This isn’t the first time anybody has analyzed GSC  data in BigQuery, but it’s much easier now. Before this integration, you would have to either build an ETL (extract, transform, load) pipeline or use a vendor like Fivetran or Airbyte. Needless to say, moving this much data from the Google Search Console API has its challenges. Trust me, I know.

Getting started with Google Search Console and BigQuery

Ok, you’re ready to jump aboard the data warehouse train. What’s next?

Setting up the Google Search Console BigQuery integration is remarkably simple. Just follow these five steps:

  1. Set up your Google accounts: You’ll need two accounts: a Google Search Console account (you must be a property owner) and a Google Cloud Platform (GCP) project. “Google Cloud projects form the basis for creating, enabling, and using all Google Cloud services  (including BigQuery), enabling billing, adding and removing collaborators, and managing permissions for Google Cloud resources.”  You can create a new project here.
    Create a Google Cloud Account
    *Note that you will also need to set up billing for your project. Did you think they would give this away for free?!
  2. Enable BigQuery: Now that you have your project up and running to manage access and billing, you can enable BigQuery. This link will take you directly to the BigQuery setup flow.

    You now have your own BigQuery instance!

    Don’t worry. You won’t pay anything initially, but if you keep loading in data and start to query it, your bill will add up gradually over time.
  3. Set up your BigQuery permissions: I’m taking this directly from Google’s documentation:
    Grant permission to Search Console to dump data to your project:
    • Navigate in the sidebar to IAM and Admin. The page should say Permissions for project <your_project>.
    • Click + GRANT ACCESS to open a side panel that says Add principals.
    • In New Principals, paste the following service account name: [email protected]
    • Grant it two roles: BigQuery Job User (bigquery.jobUser in the command-line interface) and  BigQuery Data Editor (bigquery.dataEditor in the command-line interface).
    • Click Save.
  4. Setup Google Search Console (almost done!): Luckily, this is the easiest part.

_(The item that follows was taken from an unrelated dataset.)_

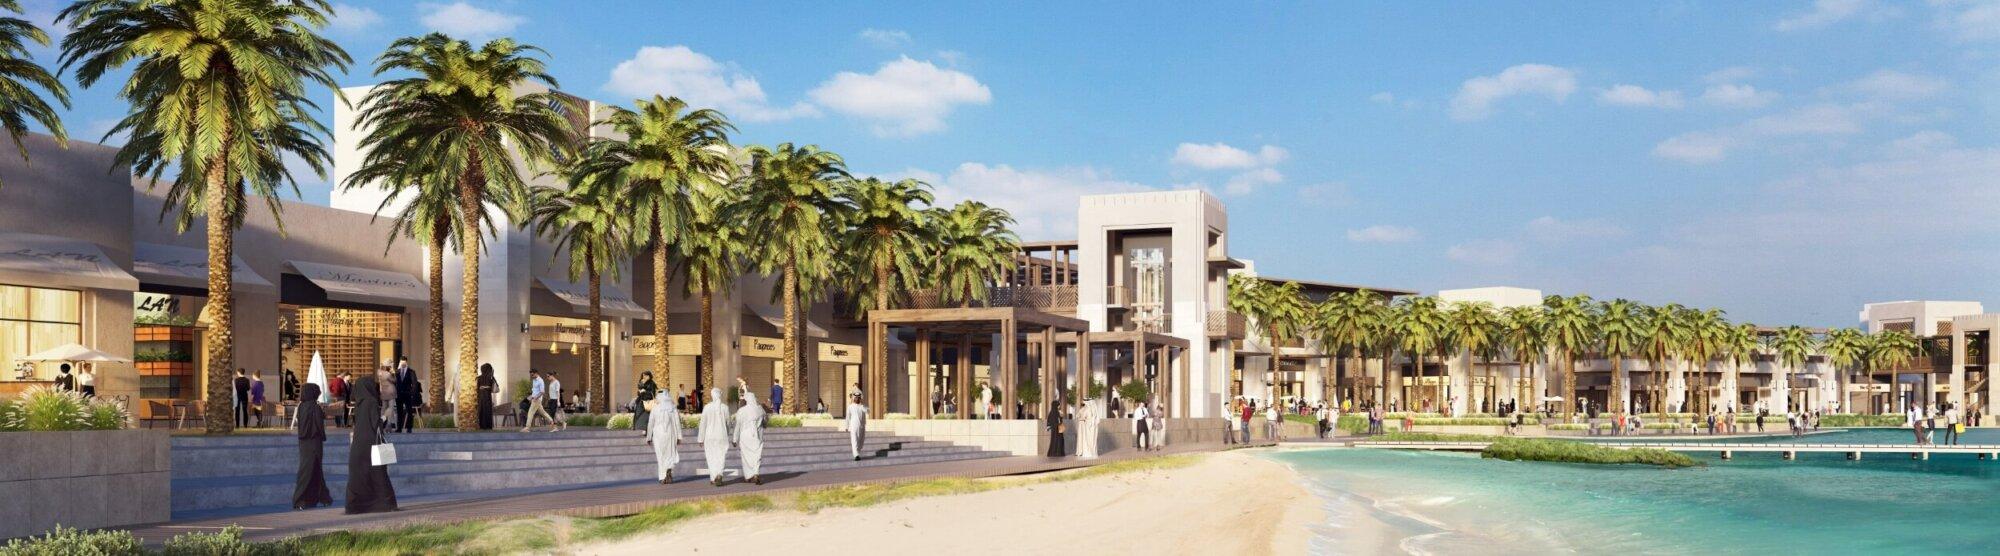 Kalba Waterfront Mall United Arab Emirates

Just head over to the bulk export settings page in Google Search Console and enter the project ID that corresponds to the GCP account that you set up in Step 1. Also, enter the storage region that fits your data privacy and storage price demands. (This is only really significant if you’re setting this up for production.)

    You can find your project id on your GCP project settings page. Make sure that you select the right GCP project, and in the project selector dropdown, then the project ID is displayed at the top of the page.
  1. Success! If I’ve done my job correctly and you’ve followed these steps, you should see a screen that looks like this.
    Bear in mind that your first export will happen up to 48 hours after your successful configuration in Search Console, and it will load data from the previous day (not historical data.)

Estimating your pricing (and how much you get for free)

Guess what. This integration isn’t totally free. After all, why would Google be giving it away?

Google BigQuery pricing works similarly to Google One pricing (storage for Drive, Gmail, etc.) Google offers a hefty amount for free, then charges you for additional storage units beyond their free tier.  The only difference is that BigQuery pricing also adds on the dimension of what they call “analysis,” which is basically billing for the cost of processing data in analytical workloads (i.e., querying and other data operations.)

Don’t worry, though. BigQuery’s free tier is pretty generous. You can store up to 10GB of data and query up to 10TB of data for free every month

Now I’m not going to get into all the detail about the different designations for data and use (you can read about pricing here), but to put this in context, my site, which gets around 30k impressions per week, loads about 5MB of data into BigQuery per week. 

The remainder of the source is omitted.